= Wild Card Series =

Postseason MLB qualifier

The Wild Card Series (WCS; formerly known as the Wild Card Game (WCG) from 2012 to 2019 and in 2021) is the opening round of postseason play in Major League Baseball (MLB), featuring the American League Wild Card Series (ALWCS) and the National League Wild Card Series (NLWCS). A single wild card game was instituted in 2012. This became a best-of-three playoff wild card series in 2020 as a one-off, and became permanent (albeit with fewer teams playing than in the 2020 series) starting in the 2022 season.

The lowest-seeded division winner and three wild card teams in each league play in a best-of-three series after the end of the regular season. The winners of each league's wild card series advance to face the two-best division winners in that league's Division Series. This expansion of the postseason abolished any regular-season-extending tie-breaker games.

==Format==
Under the format adopted in 2022, six teams in each league are assigned seeds for the postseason. In each league, the three division winners are seeded #1–3, per their relative winning percentages. The lowest-seeded division winner is automatically given the No. 3 seed even if one or all other wild-card teams has a better record. Also in each league, the three teams with the best winning percentages among non-division winning teams are wild cards, seeded #4–6, per their relative winning percentages. Any ties are broken using a set of MLB tie-breaking procedures; as such, no tie-breaking games (colloquially known as "Game 163") are contested.

The top two division winners in each league receive first-round byes to the Division Series. The remaining four teams, seeds No. 3 through No. 6, play in two best-of-3 wild card series, with the higher seed hosting all games. These two series are: No. 3 hosting No. 6, and No. 4 hosting No. 5.

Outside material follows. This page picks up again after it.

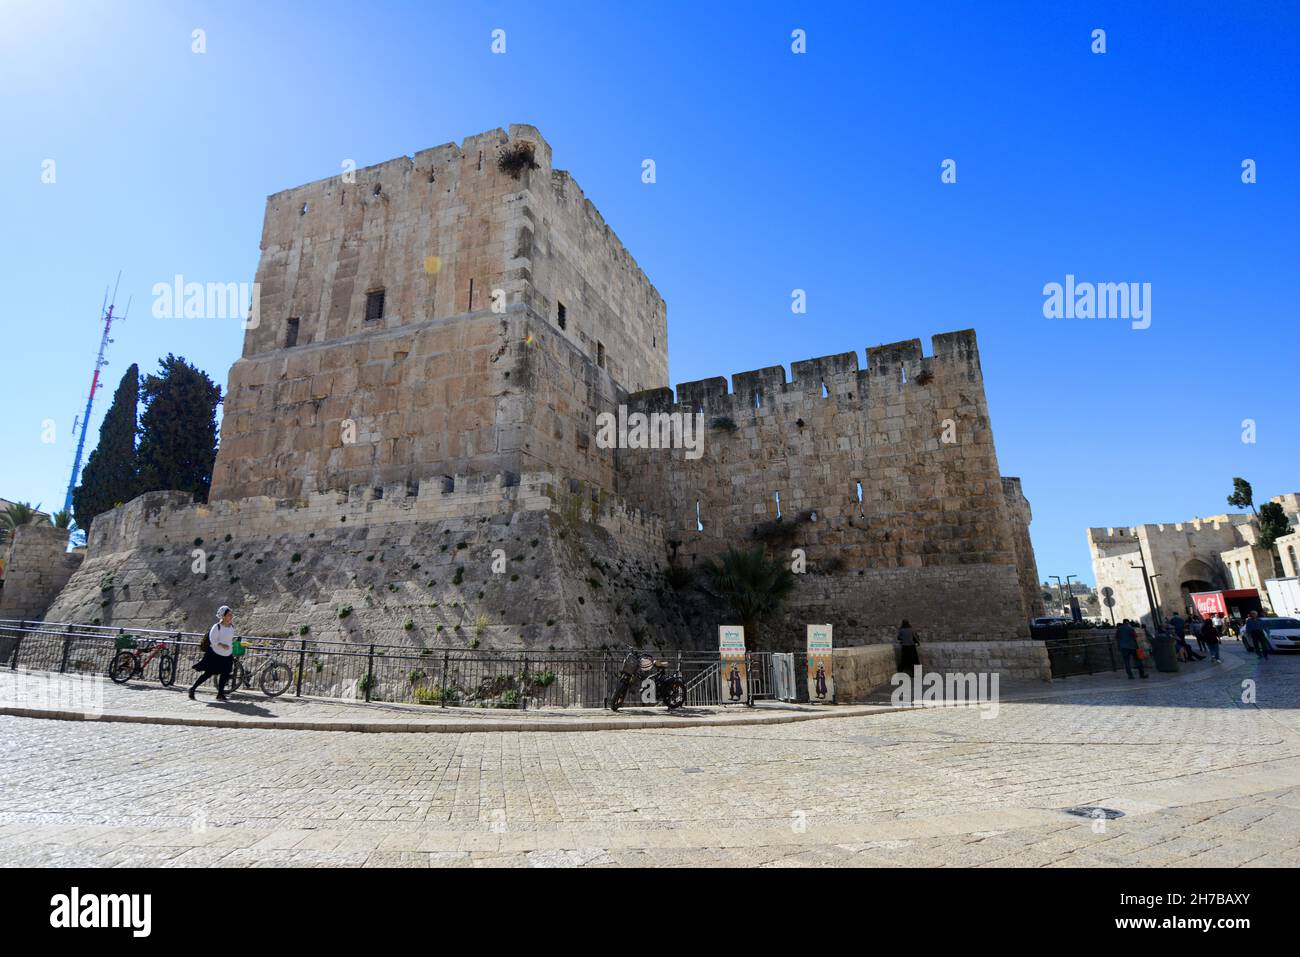 The Citadel near Jaffa gate in the old city of Jerusalem. Stock Photo

In the Division Series, the winner of the No. 4 vs. No. 5 series faces the No. 1 seed, and the winner of the No. 3. vs. No. 6 series faces the No. 2 seed. The bracket structure in each league looks as follows:

==History==

=== One Wild Card team per league (1995–2011) ===
From 1969 through 1993, the division leaders in each league advanced to the League Championship Series, with the winners of each LCS meeting in the World Series. However, an expanding number of teams in MLB over the years made making the playoffs increasingly difficult. The new system was instituted in 1994 (but first used in 1995 because a players strike canceled the 1994 playoffs) when Major League Baseball expanded from two to three divisions per league. In the new three-division leagues, each league had four teams in the playoffs; in addition to the three division winners, the division runner-up with the best record received a wild card spot. This assured that the team with the second-best record in its league would qualify for the postseason even if it was not a division champion.

Thus, a third postseason round was added, the Division Series. From 1995 to 1997, a yearly rotation was used to decide the match-ups in the Division Series, although the wild card team was prevented from playing its own division's champion. Beginning in 1998, the team with the best record in the league would typically face the wild card team and the other two division winners would play each other, with second-best division winner having home-field. However, if the division winner with the league's best record and the wild card team came from the same division, the wild card would face the second-best division winner in the league.

=== Wild Card Game (2012–2019, 2021) ===
The Wild Card round was initially introduced in 2012 as a single-game playoff between two wild-card teams in each league, with the winner advancing to play the top seed in the Division Series. With the adoption of MLB's new collective bargaining agreement in November 2011, baseball commissioner Bud Selig announced that a new playoff system would begin within the next two years; the change was ultimately put into place in 2012. This format was used through the 2019 season.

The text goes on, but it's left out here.